A striking finding has emerged from recent research: over two-thirds of workers cannot identify the specific actions being taken by AI agents operating within their organisations. The root cause identified is lax access controls — but the security implications extend well beyond a simple governance failure. This is a signal that enterprise AI deployment has raced ahead of the identity and access management infrastructure required to make it safe.
When humans can’t see what AI agents are doing, accountability breaks down entirely. And when access controls are too loose to constrain agent behaviour, the blast radius of any compromise — or simple error — becomes unacceptable.

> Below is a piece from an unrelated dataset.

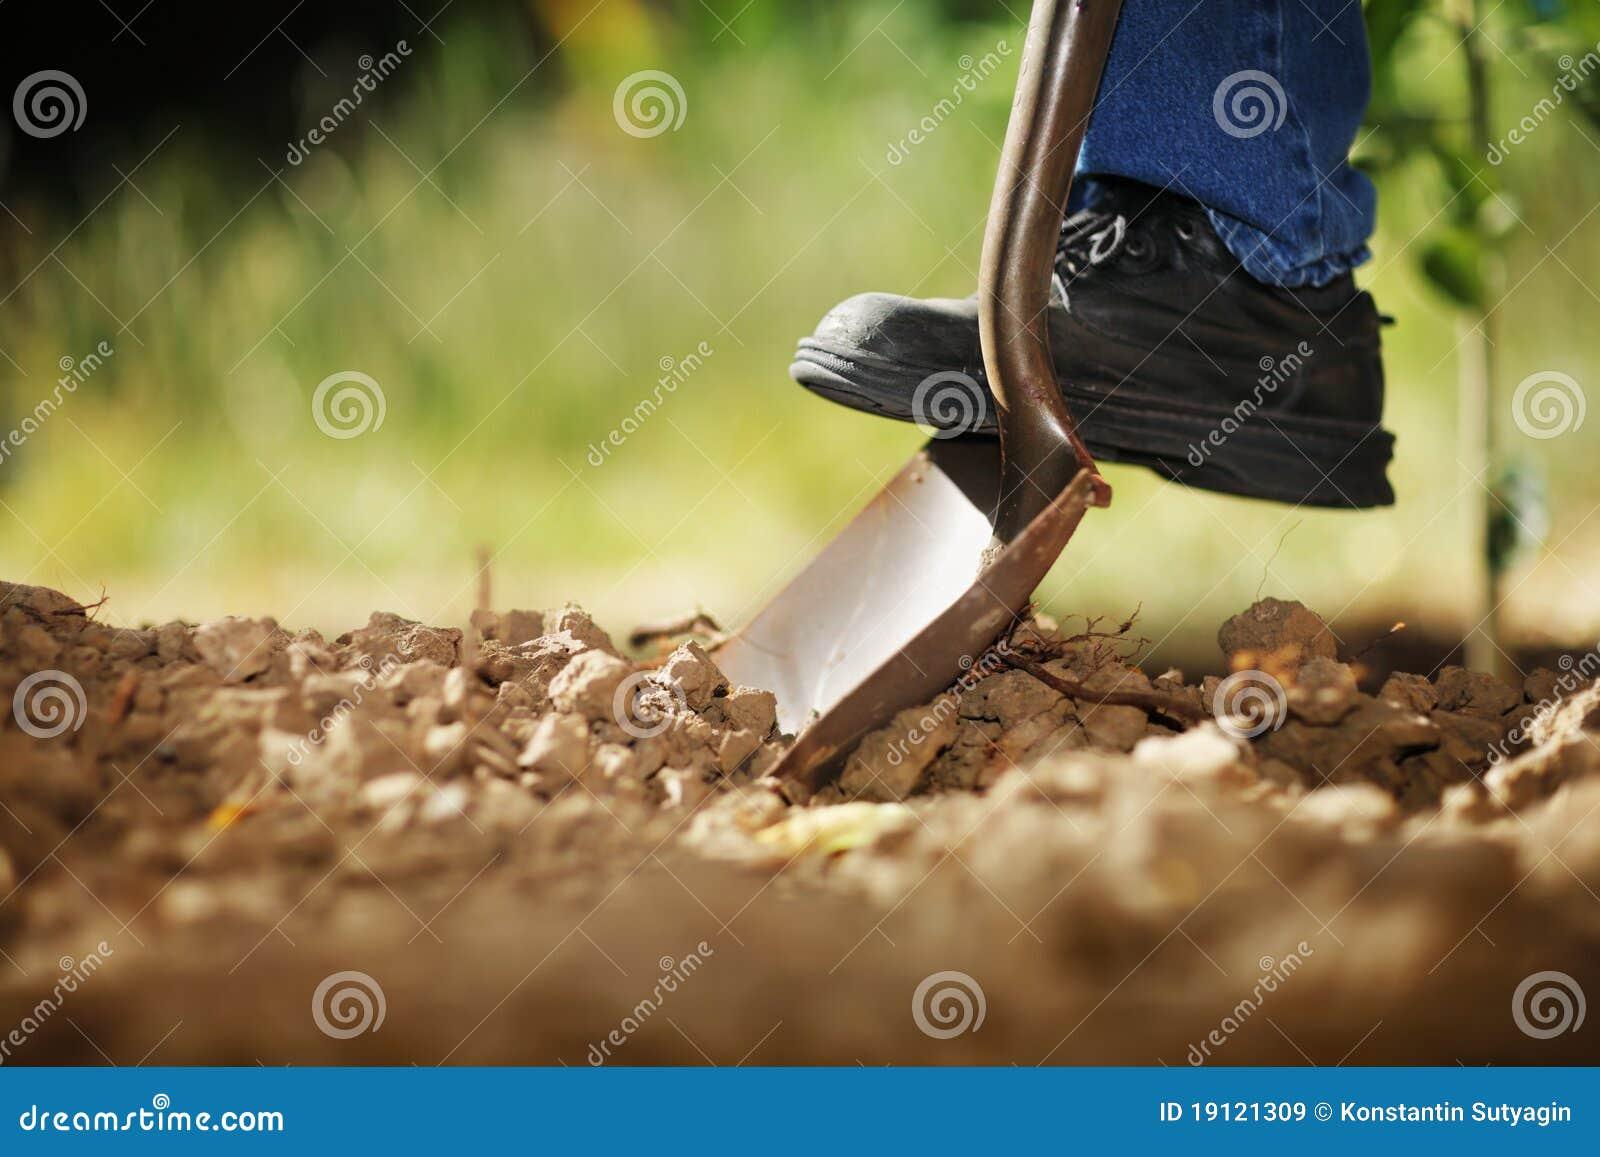 Gravende grond
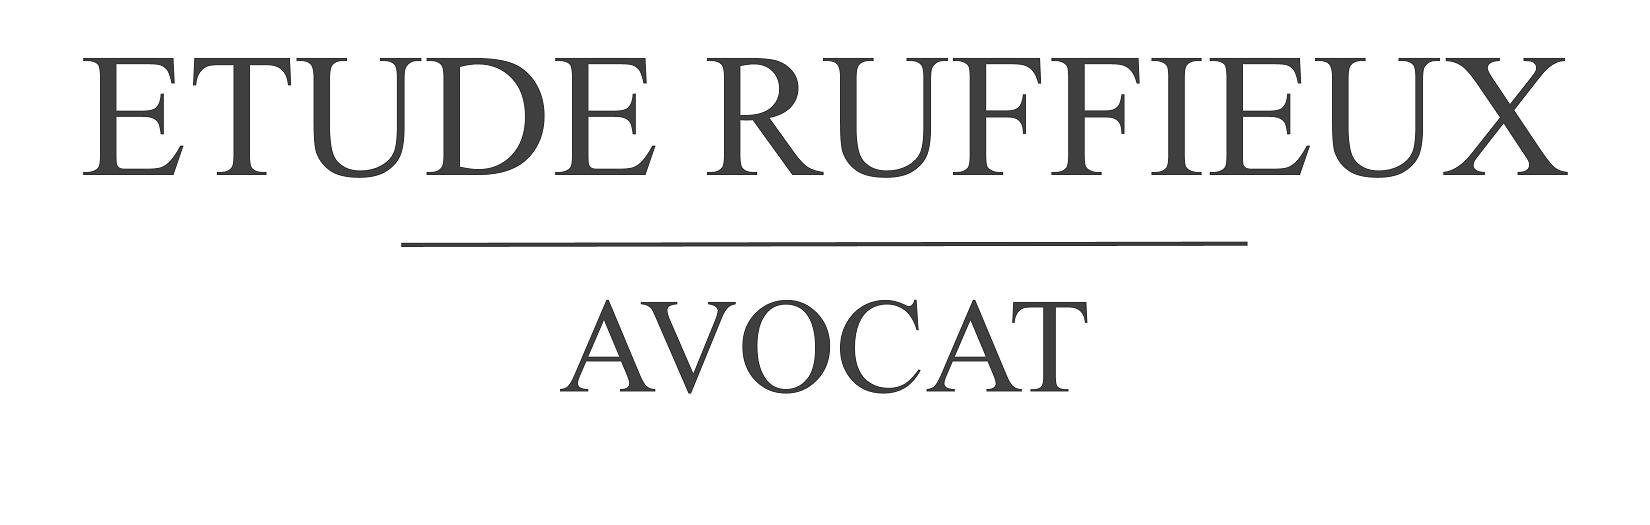 Etude RUFFIEUX Avocat

Why Visibility Is the Foundation of NHI Security
NHI security begins with discovery and visibility. You cannot govern machine identities you cannot see, and you cannot hold AI agents accountable for actions that aren’t logged and attributed. The finding that most workers lack visibility into AI agent activity reflects a broader failure of the identity governance frameworks that should be providing this visibility as standard.
The access control dimension of this problem is equally critical. If AI agents have been granted broad, standing permissions rather than scoped, task-specific access, the potential for damage — whether through compromise, misconfiguration, or unintended behaviour — is significantly amplified. Lax access controls don’t just create security risk; they make accountability impossible after the fact.
What Security Teams Need to Fix
Agent action logging as a non-negotiable: Every action taken by an AI agent should be logged, attributed to a specific agent identity, and retained for audit purposes. This isn’t optional — it’s the baseline requirement for operating AI agents responsibly in an enterprise environment.
Least-privilege enforcement for machine identities: The research finding on lax access controls points directly to a least-privilege failure. AI agents should receive only the permissions required for their specific function, scoped to the systems and data they need to access. Regular access reviews should be applied to machine identities with the same rigour as human identities.
Human oversight interfaces: Workers need tooling that surfaces what AI agents are doing in terms they can understand and act on. This means dashboards, alerts, and reporting capabilities that translate machine-speed agent activity into human-readable summaries — not raw log data that requires specialist interpretation.
The accountability gap revealed by this research is a governance problem, not a technology problem. The technology to log, attribute, and control AI agent access exists. What’s missing in most organisations is the NHI security framework to apply it consistently — and the urgency to close that gap before it becomes a regulatory or incident-driven forcing function.